DR Failover and Recovery in a 2 Node Cluster


A 2 node cluster will not fail over automatically.

With only two Unified nodes, with or without Web proxies, there is no High Availability. The database on the primary node is read/write, while the database on the secondary is read only.

Only redundancy is available.

  • If the primary node fails, a manual delete of the primary node on the secondary and a cluster provision will be needed.

  • If the secondary node fails, it needs to be replaced.

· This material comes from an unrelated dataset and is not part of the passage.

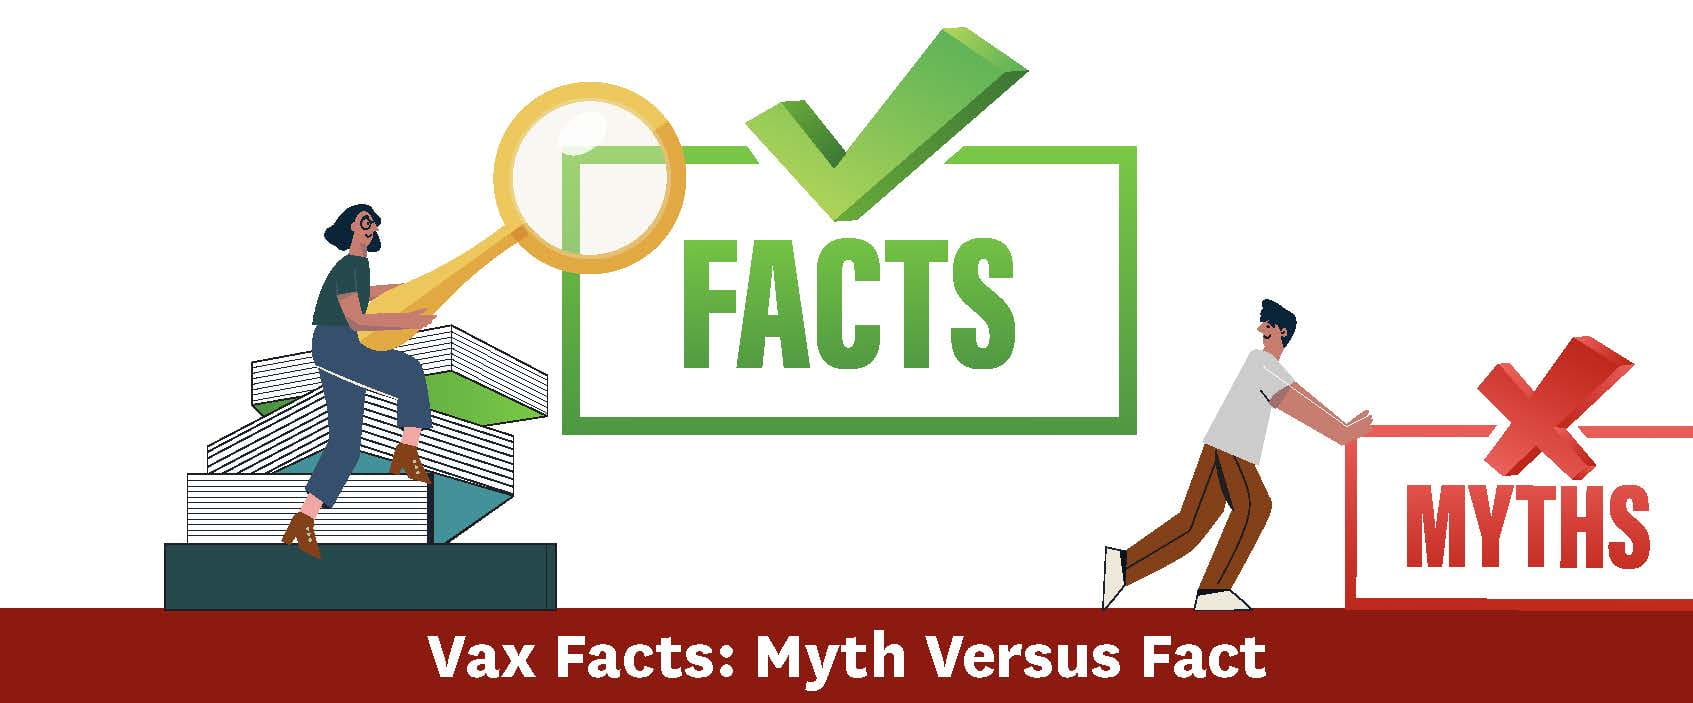 Myth Versus Fact Illustration
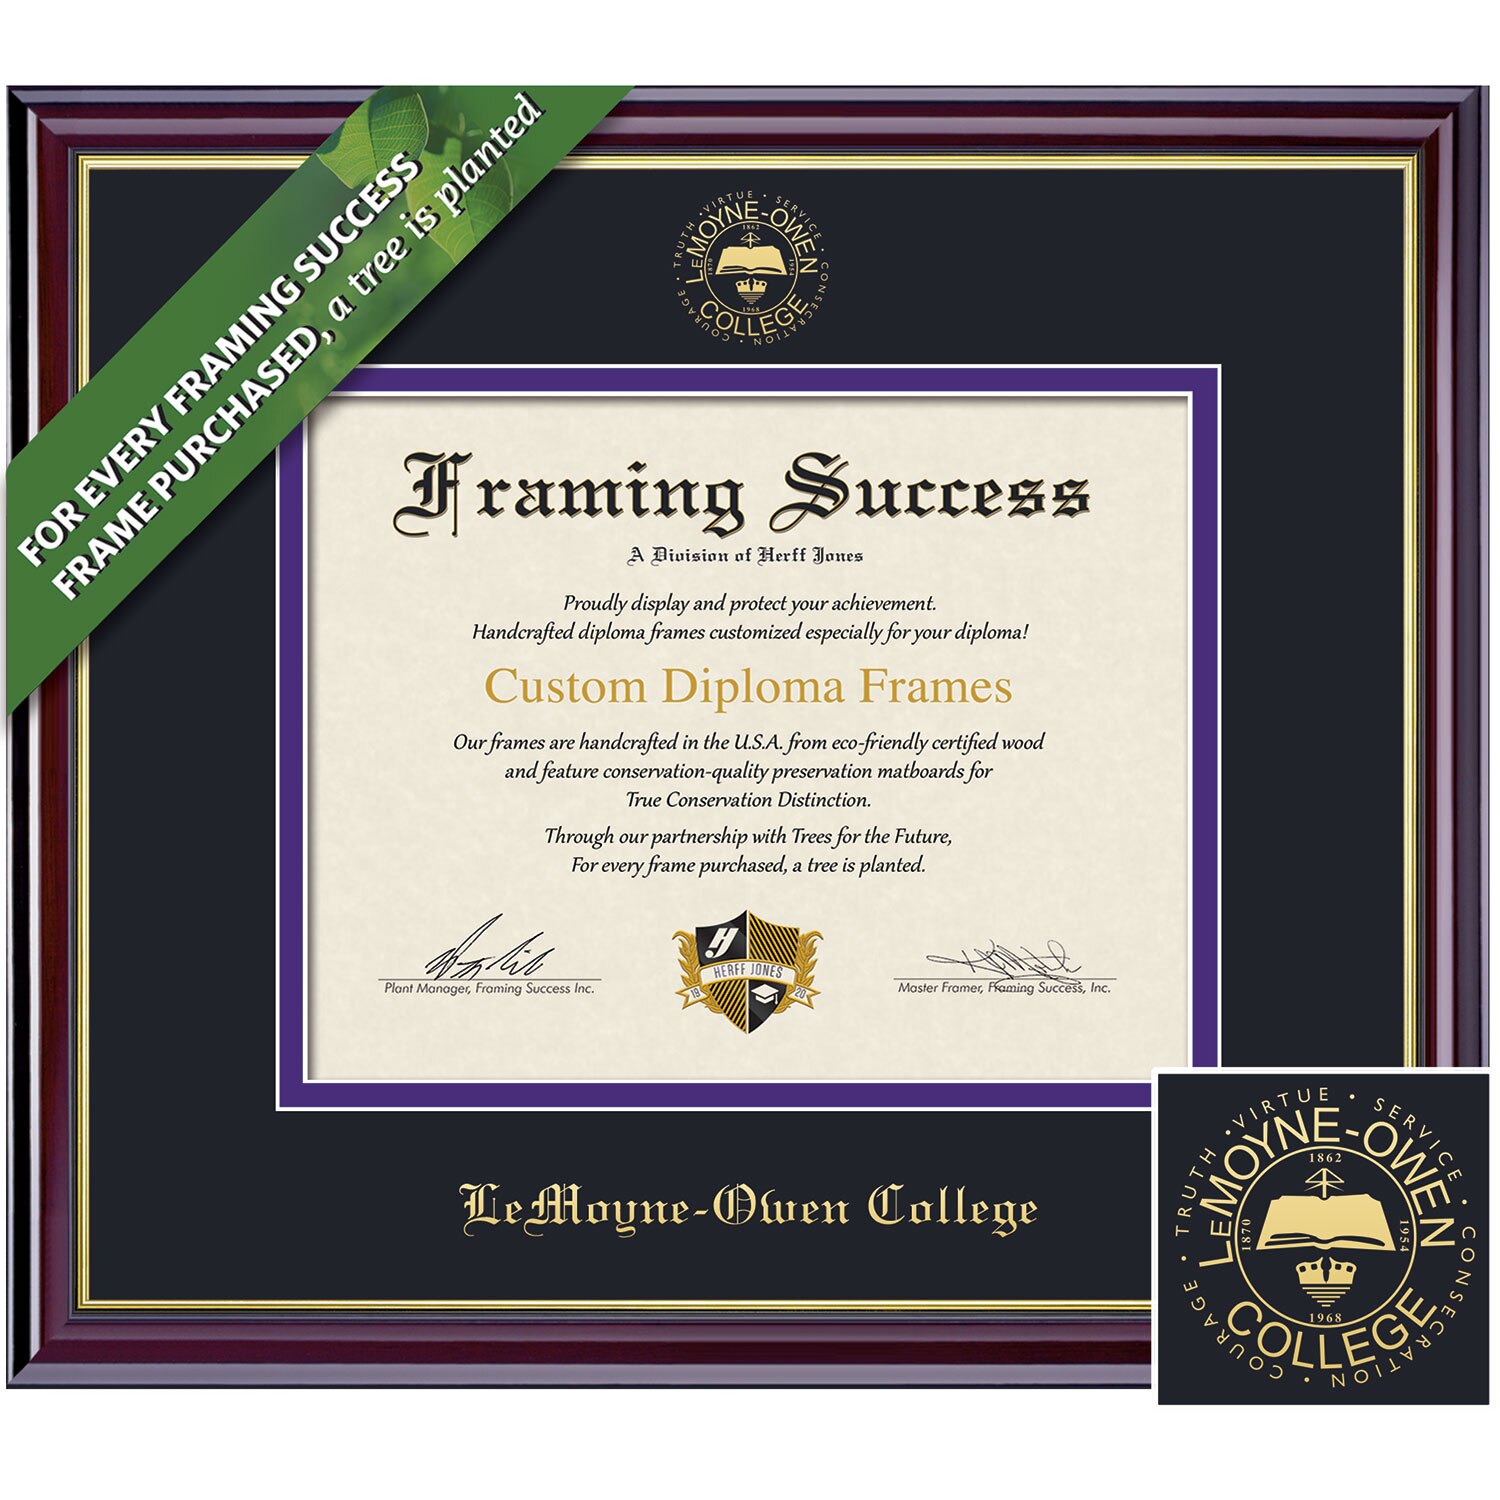 Framing Success 8.5 x 11 Windsor Gold Embossed School Seal Associates, Bachelors Diploma Frame

Scenario: Loss of Primary Node

  • The administrator deployed the 2-node cluster.

    $ cluster status
    Data Centre: jhb
                 application : AS01[]
                 webproxy :    AS01[]
                 database :    AS01[]

    Example database weights:

    $ database weight list
             weight: 20
             weight: 10
  • Node Failure: in the case where the primary node is lost on the Primary site:

    $ cluster status
    Data Centre: unknown
                 application : unknown_172.29.248.100[] (not responding)
                 webproxy : unknown_172.29.248.100[] (not responding)
                 database : unknown_172.29.248.100[] (not responding)
    Data Centre: jhb
                 application : AS02[]
                 webproxy : AS02[]
                 database : AS02[]

Recovery Steps

The primary node server is lost.

  1. It is decided to fail over to the secondary node:

    1. On the secondary node, remove the lost server from the cluster:

      cluster del

    2. On the secondary node, run cluster provision (it is recommended that this step is run in a terminal opened with the screen command). See: Using the screen command.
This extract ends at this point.